§ Instructions for the task
Find the line that holds "Mixer audio phaselab" in the material below. Output that line and each one after it exactly, but not the pictures.

§ Given data
/---

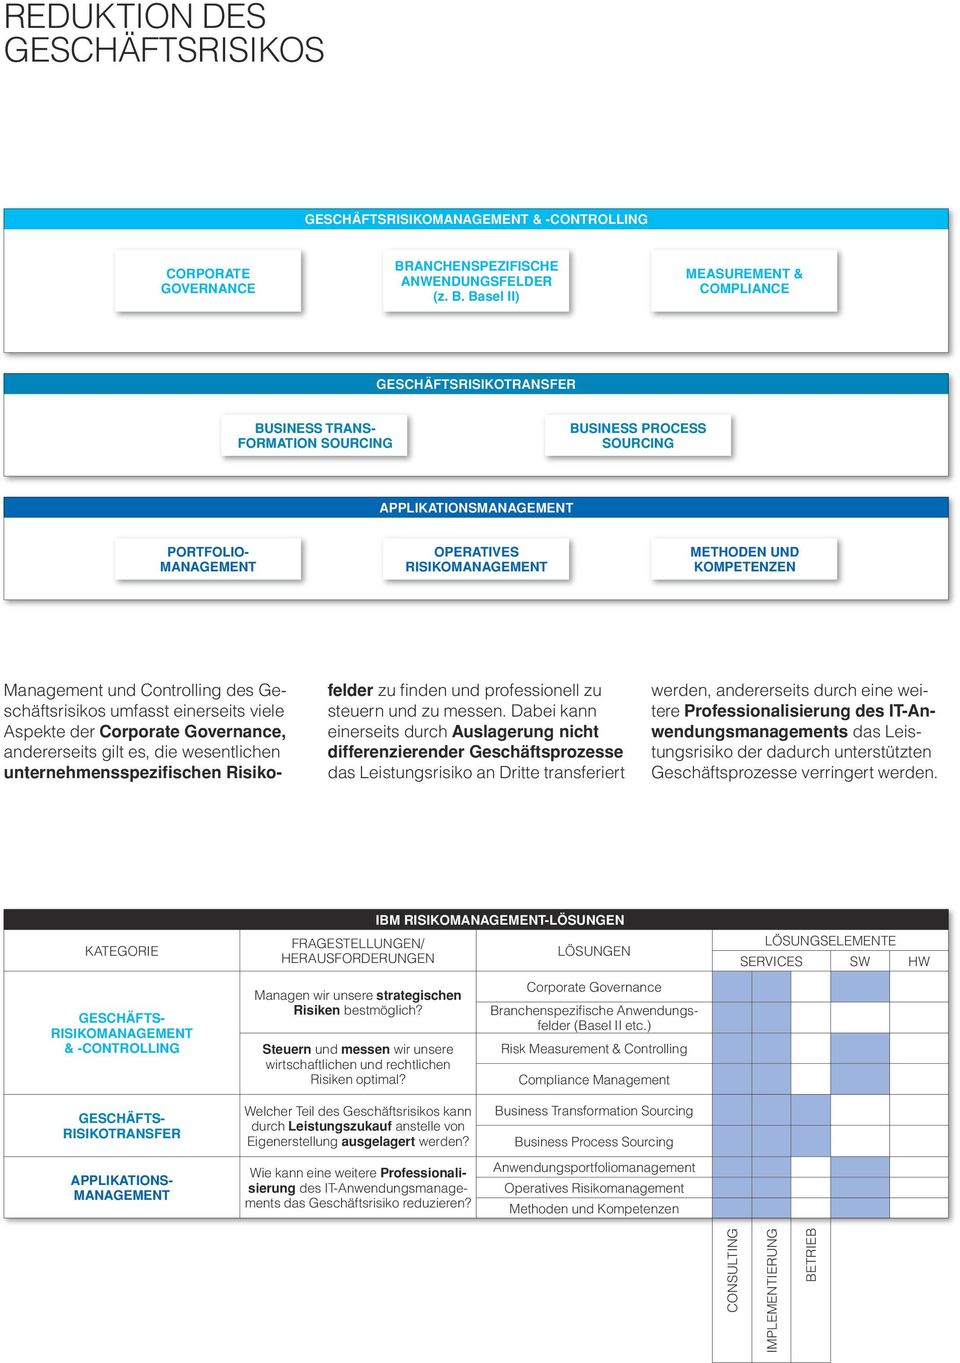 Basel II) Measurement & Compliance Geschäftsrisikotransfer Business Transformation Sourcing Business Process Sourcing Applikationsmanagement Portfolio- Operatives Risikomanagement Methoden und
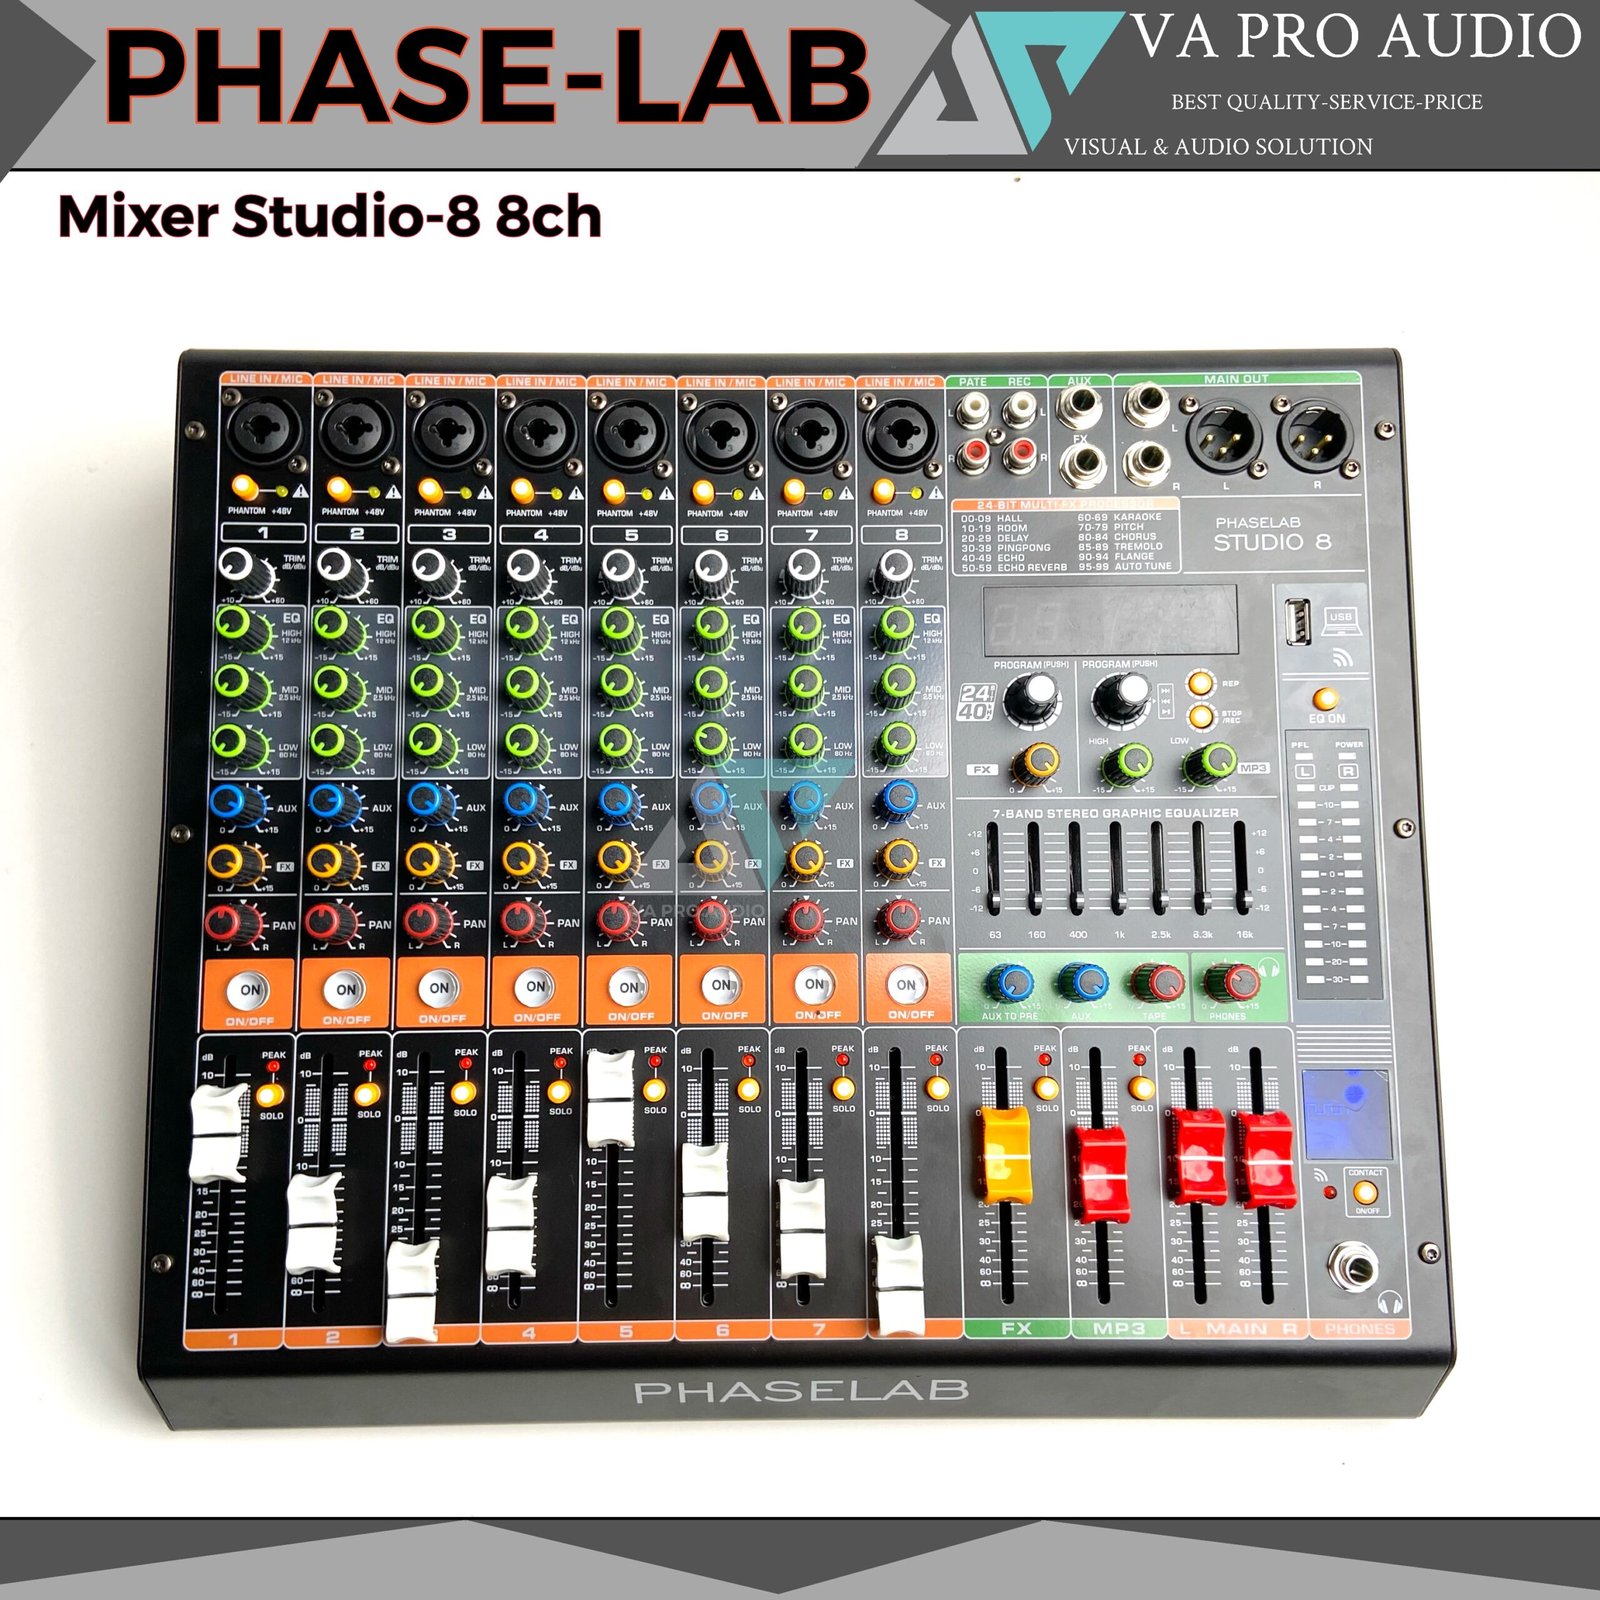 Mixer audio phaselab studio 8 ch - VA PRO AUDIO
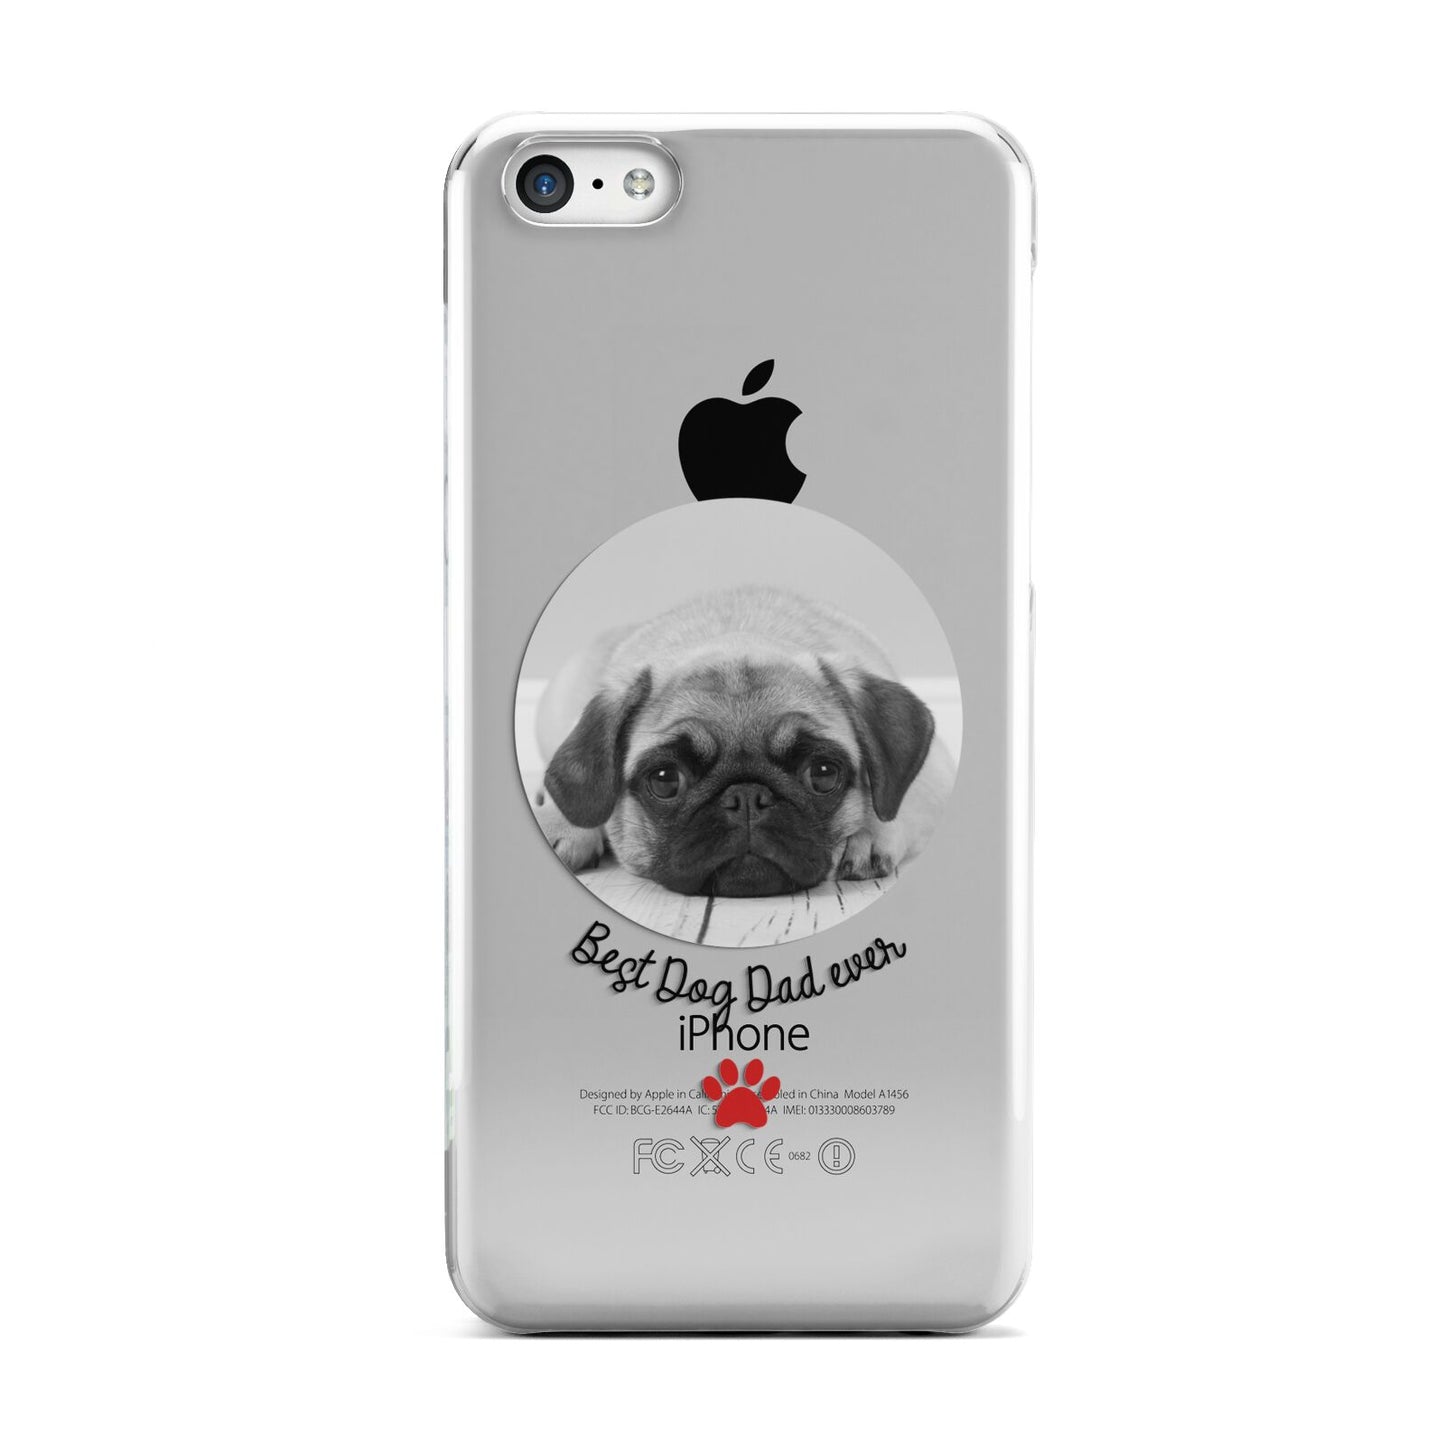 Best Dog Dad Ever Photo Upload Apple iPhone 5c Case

\---

§ Expected answer
 Mixer audio phaselab studio 8 ch - VA PRO AUDIO
 Best Dog Dad Ever Photo Upload Apple iPhone 5c Case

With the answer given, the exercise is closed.